Leone B J, Watke C M, Osgood C F, Richardson K M, Brittin K B, White W D, King C L
Department of Anesthesiology, Duke University Medical Center, Durham, NC, USA.
J Cardiothorac Vasc Anesth. 1998 Aug;12(4):393-6. doi: 10.1016/s1053-0770(98)90190-2.
To observe and define the degree of change in hemoglobin oxygen affinity induced by hypothermic extracorporeal circulation (ECC).
A prospective, nonrandomized, observational study.
A single university medical center.
Seventeen patients presenting for elective cardiac surgery.

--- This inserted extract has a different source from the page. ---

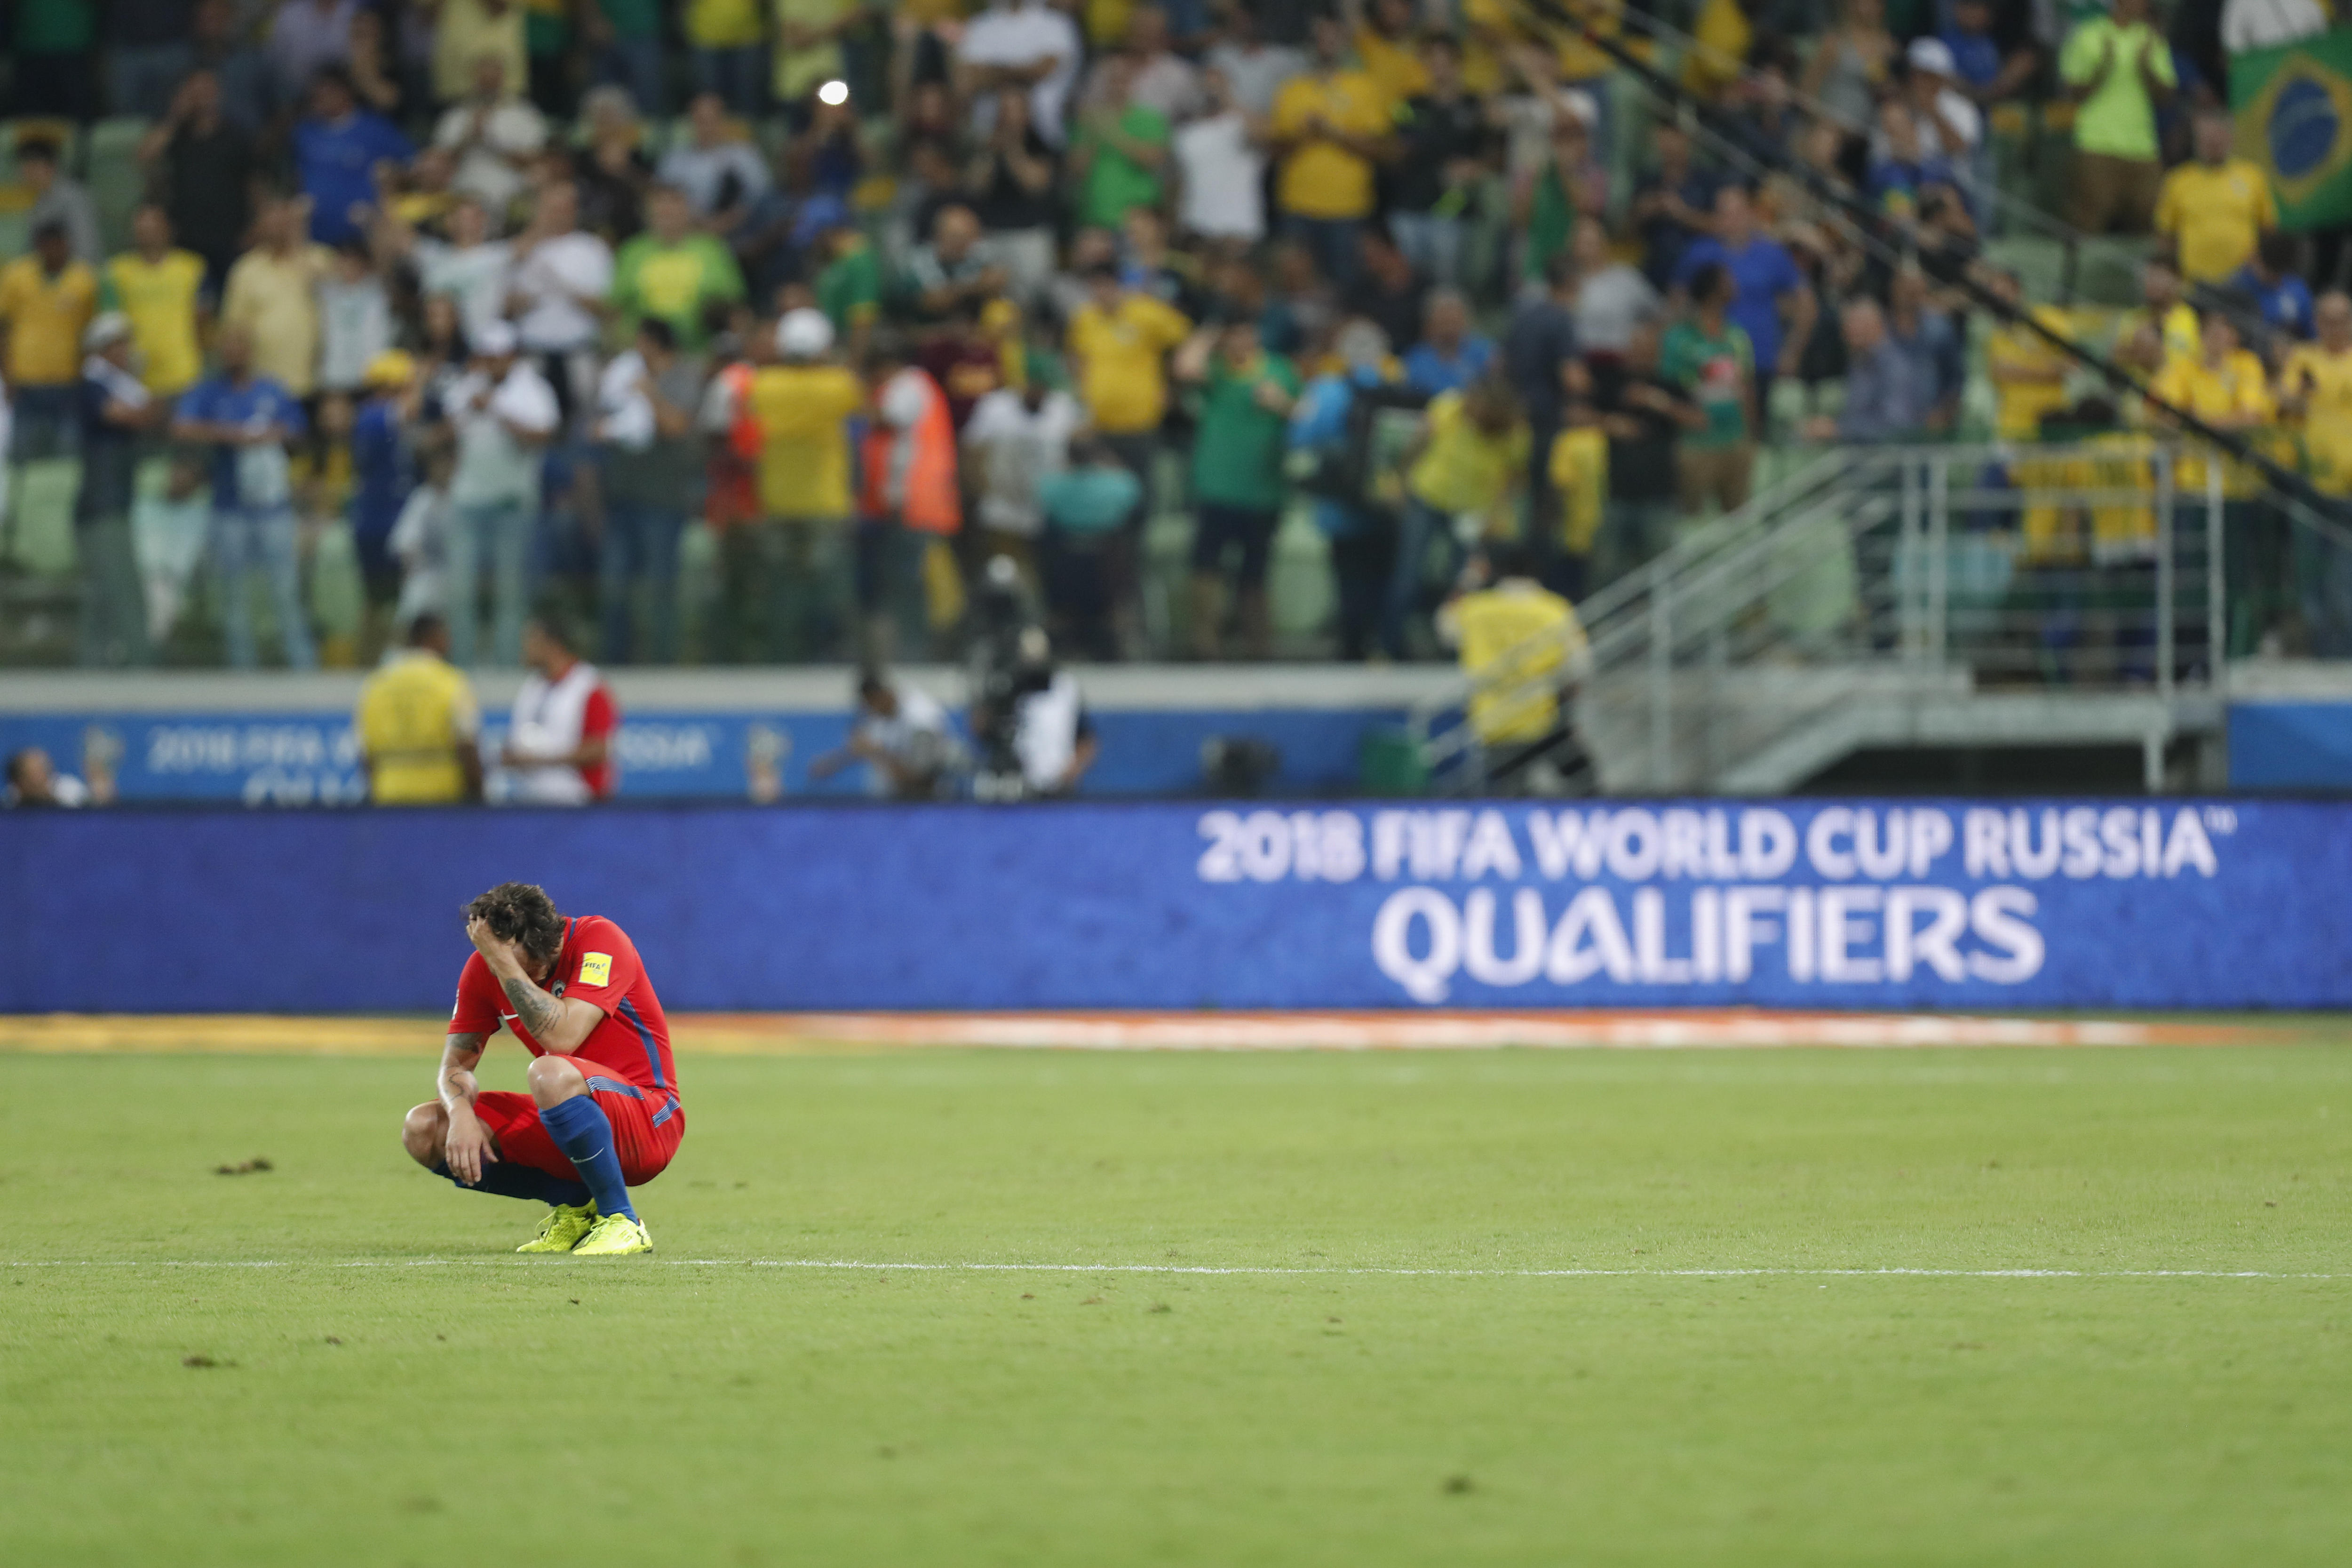 Jorge Valdivia, mijlocașul naționalei din Chile, și-a pus mâinile în cap după ratarea calificării la CUpa Mondială 2018. (FOTO: EPA)

Systemic hypothermia during ECC.
During and after ECC, simultaneous arterial and mixed-venous whole-blood samples were obtained and immediately analyzed for gas tensions and hemoglobin saturation. Samples were obtained during the following times on ECC: initially after cardiopulmonary bypass onset during normothermia (37 degrees C), after cooling to 32 degrees C, and after rewarming to 37 degrees C. A fourth sample was obtained 10 to 20 minutes after discontinuation of cardiopulmonary bypass. Extracorporeal pump flow and thermodilution-determined cardiac output were also recorded for calculation of oxygen delivery and consumption. Mixed-venous results were used to calculate in vivo the blood gas tension at which hemoglobin was 50% saturated with oxygen (P50). There were no differences in P50 for the 17 patients by analysis of variance (ANOVA) for repeated measures with paired t-test with Bonferroni correction. Furthermore, no change in P50 was observed during the course of cooling and rewarming in any individual patient's samples. Oxygen delivery decreased after hypothermia and rewarming from mild hypothermia; oxygen consumption was decreased after rewarming and markedly increased after discontinuation from ECC.
Mild hypothermia to 32 degrees C during ECC does not result in in vivo alterations in oxyhemoglobin dissociation and thus does not induce changes in oxygen delivery to peripheral tissues. However, oxygen usage appears to be markedly increased after cardiopulmonary bypass.
观察并确定低温体外循环(ECC)引起的血红蛋白氧亲和力的变化程度。
一项前瞻性、非随机、观察性研究。
一家大学医学中心。
17例择期心脏手术患者。
ECC期间全身低温。
在ECC期间及之后,同时采集动脉血和混合静脉全血样本,并立即分析气体张力和血红蛋白饱和度。在ECC的以下时段采集样本:体外循环开始后常温(37℃)时、冷却至32℃后、复温至37℃后。在体外循环停止后10至20分钟采集第四份样本。还记录体外循环泵流量和热稀释法测定的心输出量,以计算氧输送和氧消耗。使用混合静脉血结果在体内计算血红蛋白氧饱和度为50%时的血气张力(P50)。通过重复测量方差分析(ANOVA)和Bonferroni校正的配对t检验,17例患者的P50无差异。此外,在任何个体患者样本的冷却和复温过程中,均未观察到P50的变化。低温及从轻度低温复温后氧输送减少;复温后氧消耗减少,体外循环停止后显著增加。
ECC期间轻度低温至32℃不会导致体内氧合血红蛋白解离的改变,因此不会引起外周组织氧输送的变化。然而,体外循环后氧消耗似乎显著增加。